From the line containing "La presidentaCristina Kirchnery" through the end of the material below, output each line exactly as written, with pictures excluded.

• **EXERCISE DATA**:
════

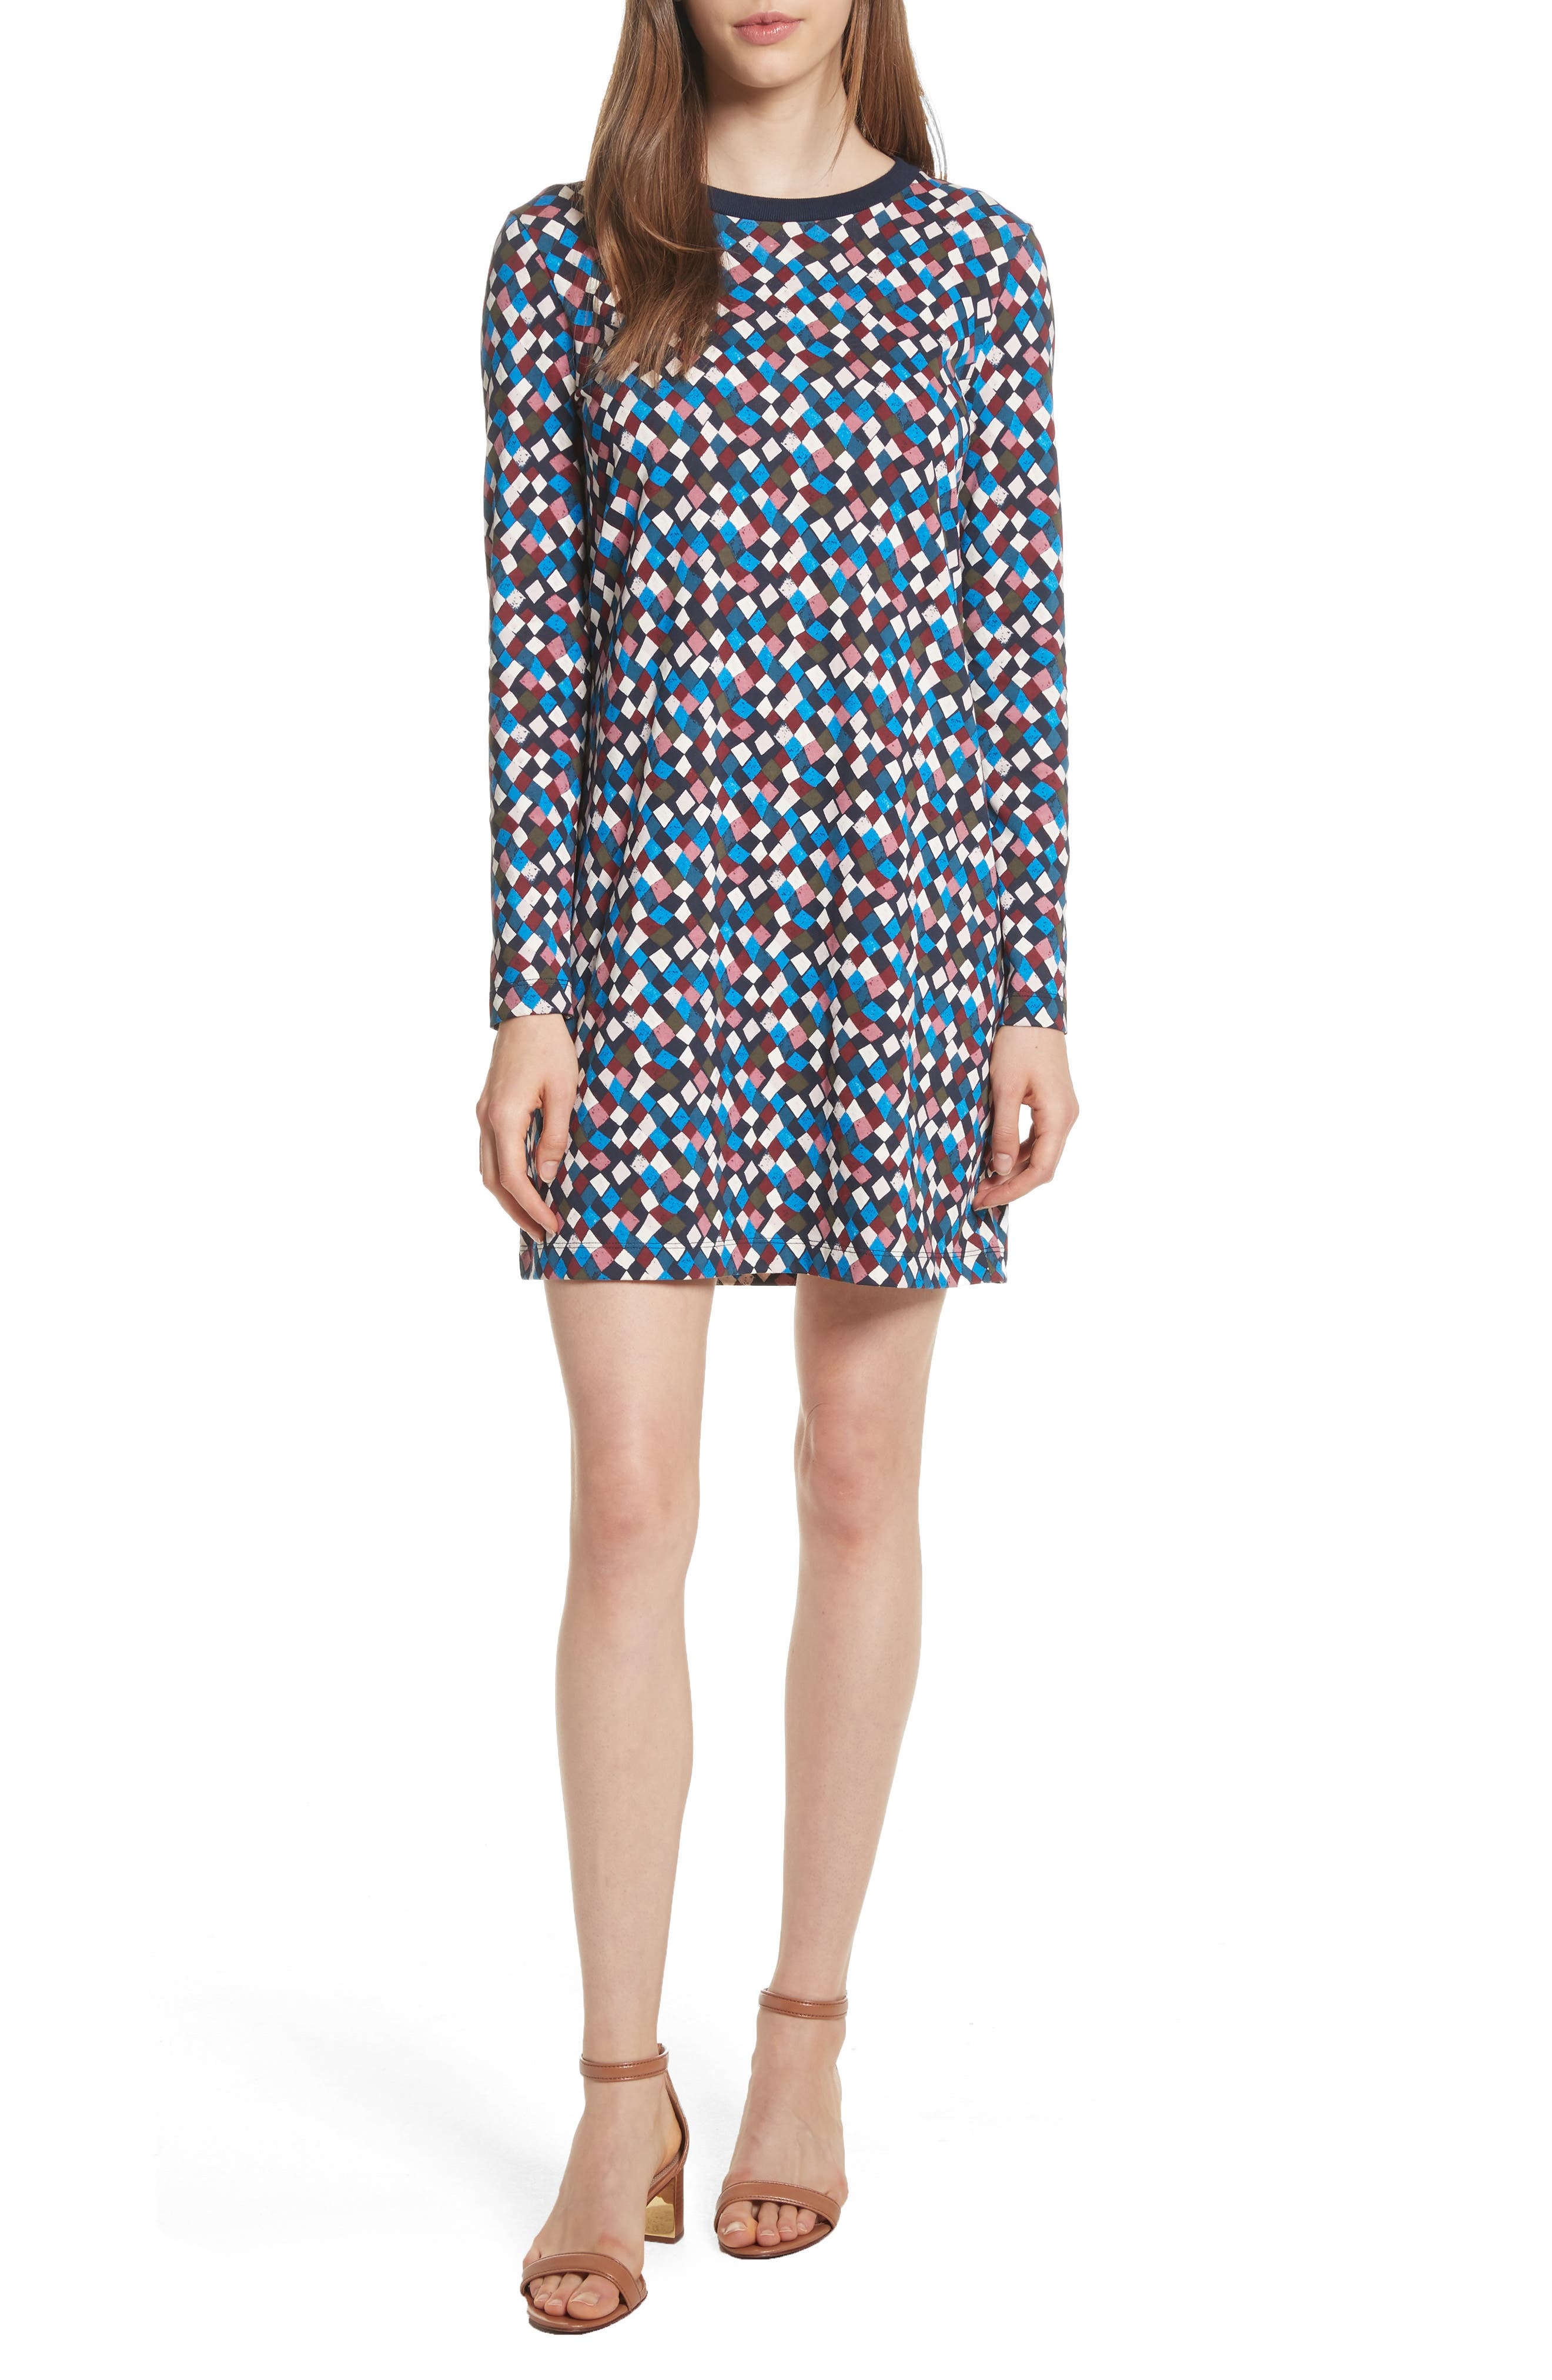 Tory Burch Maggie Print Cotton Shift Dress
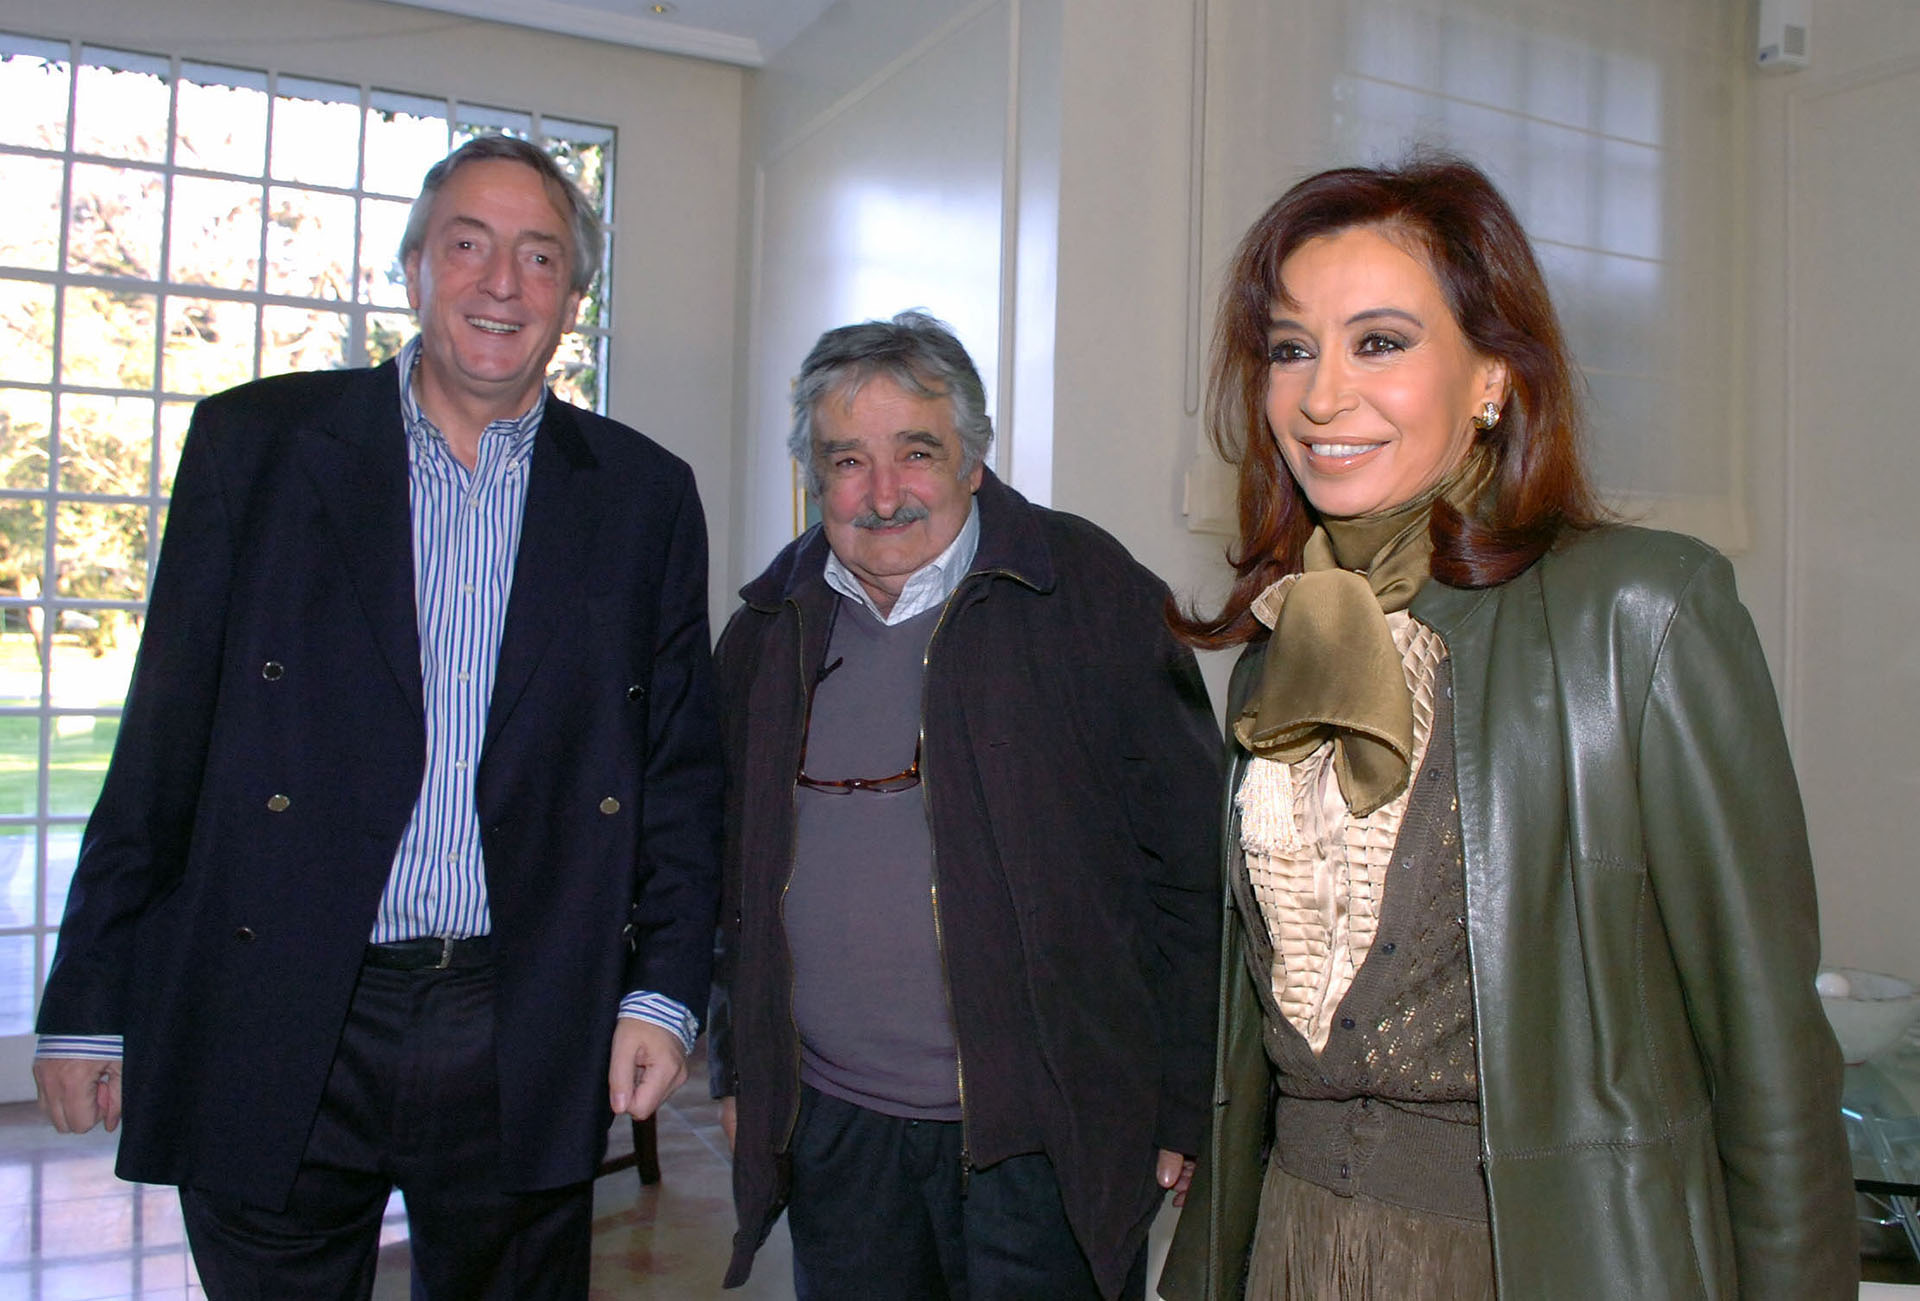 La presidentaCristina Kirchnery su esposoNéstor Kirchner reciben en la quinta de Olivos al senador uruguayo, José Mujica
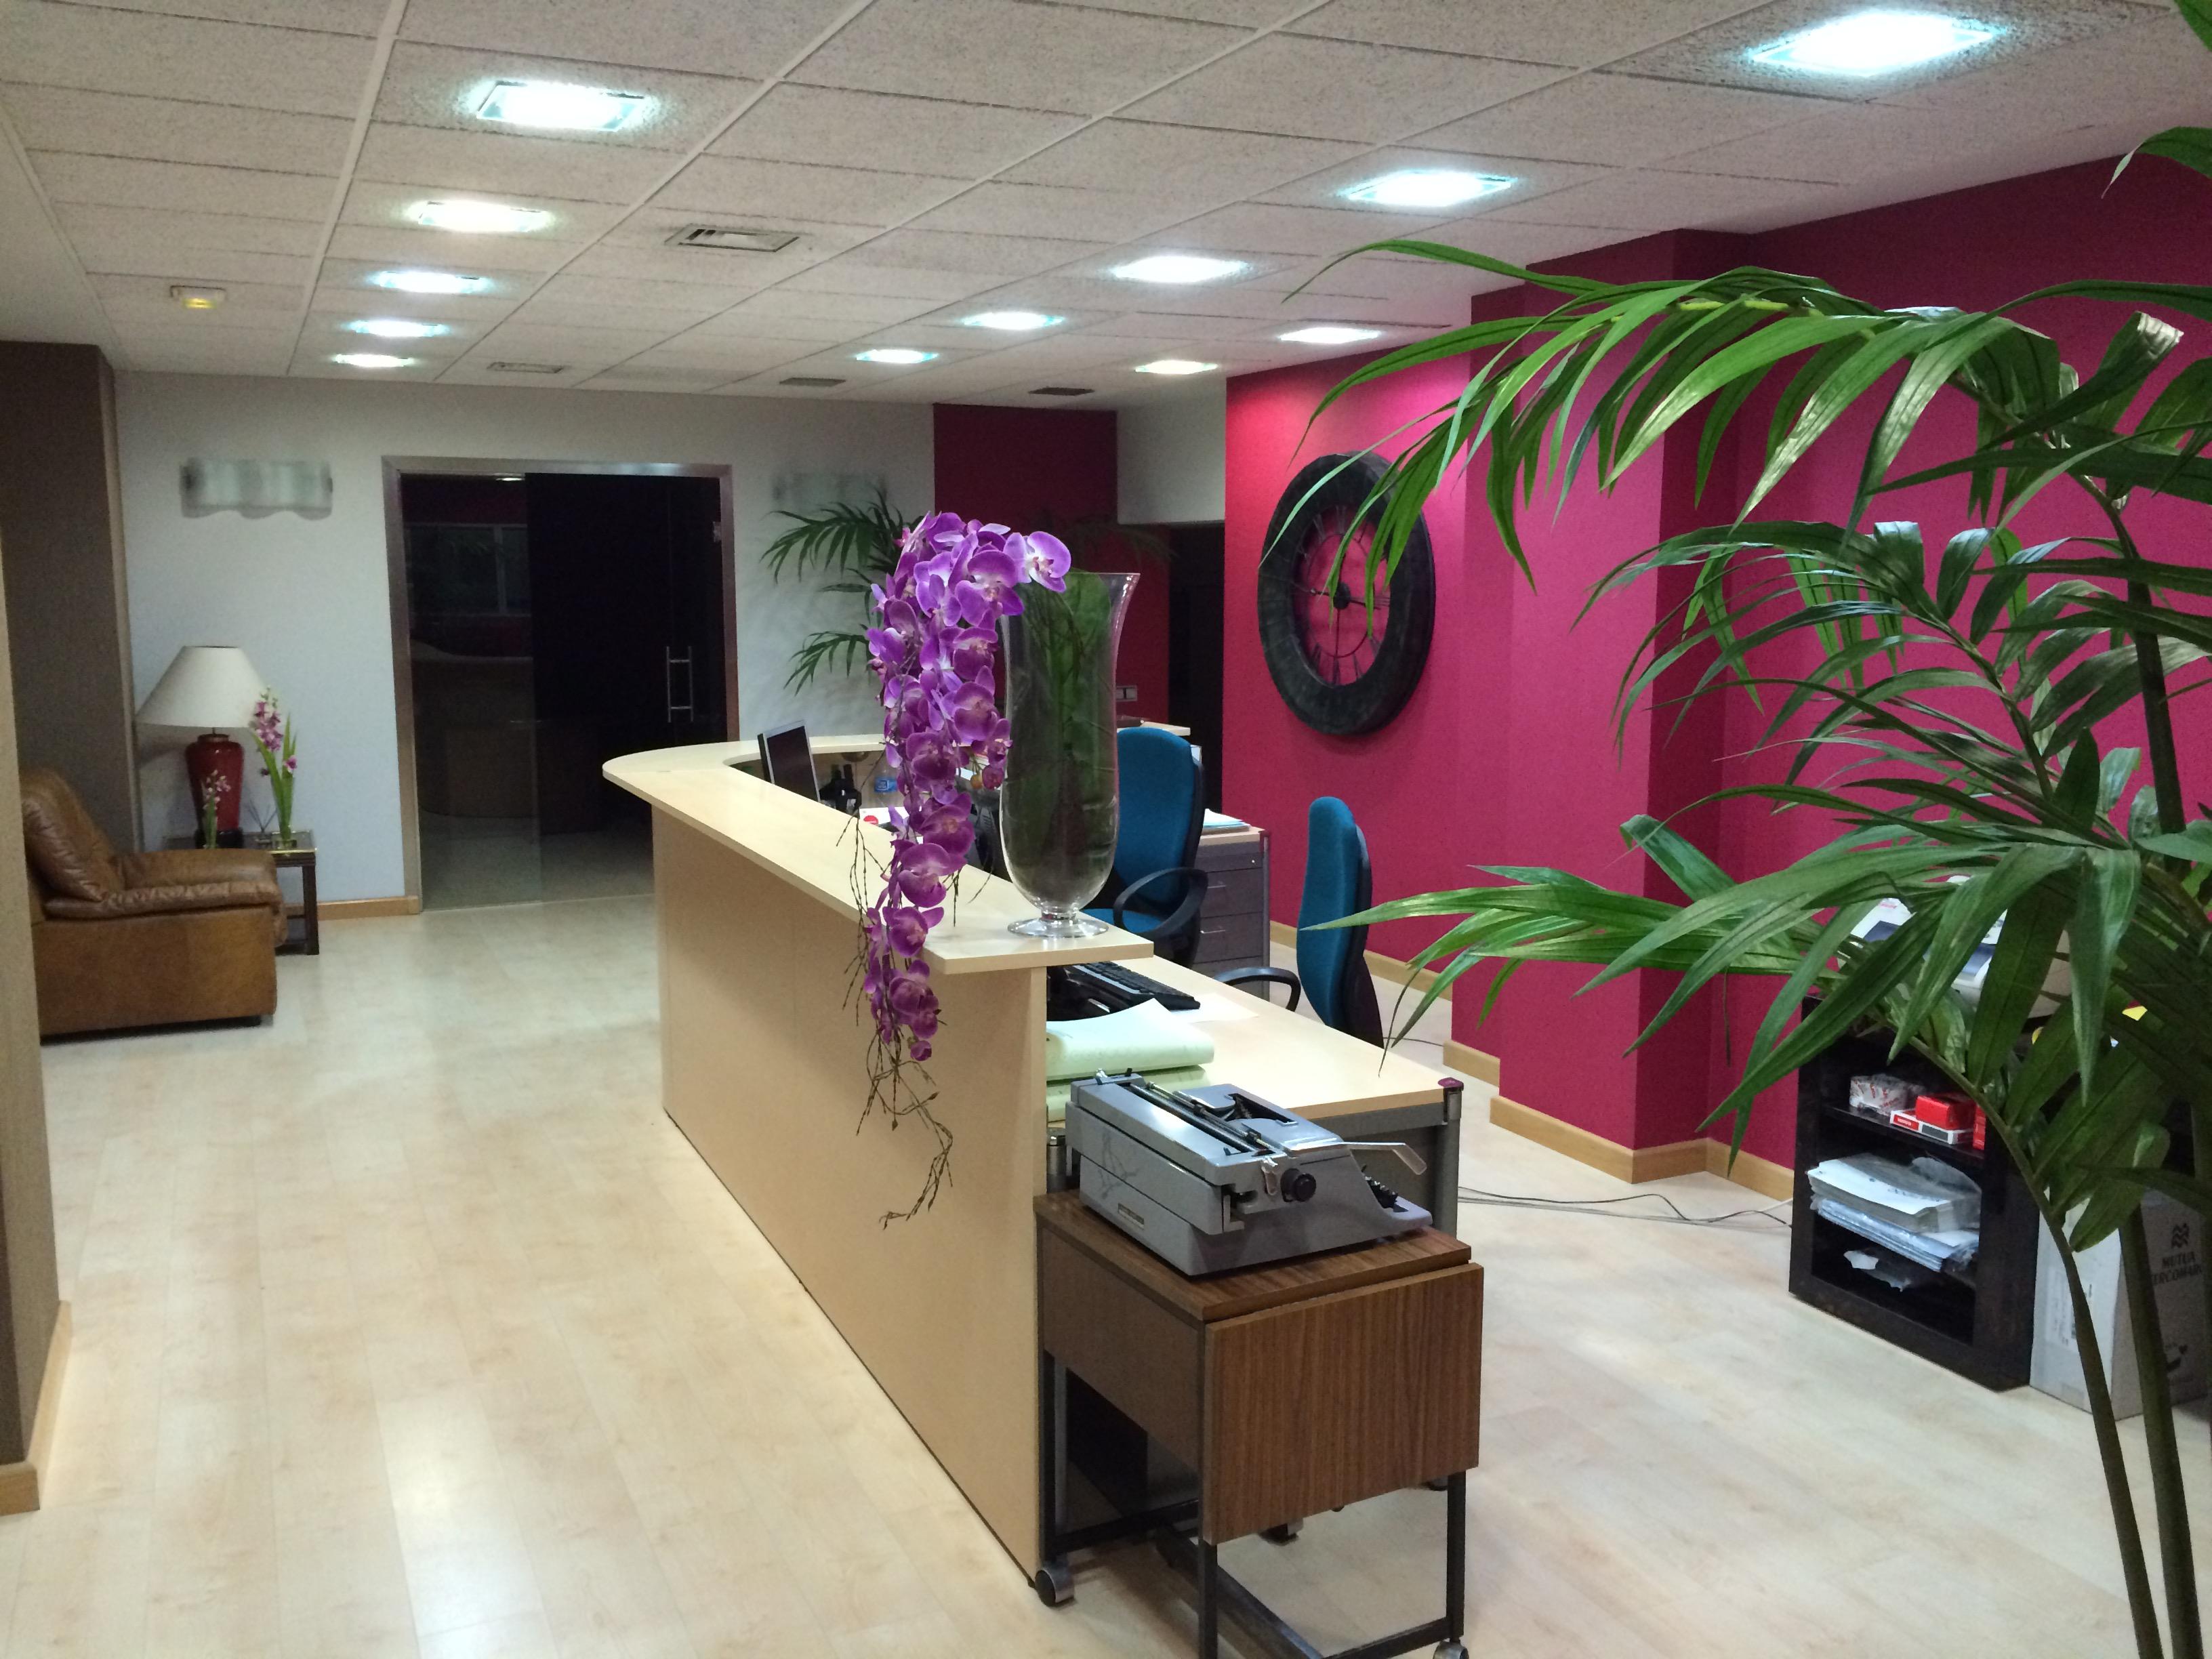 oficina Alavarez Auditores

════

• **TASK OUTPUT**:
 La presidentaCristina Kirchnery su esposoNéstor Kirchner reciben en la quinta de Olivos al senador uruguayo, José Mujica
 oficina Alavarez Auditores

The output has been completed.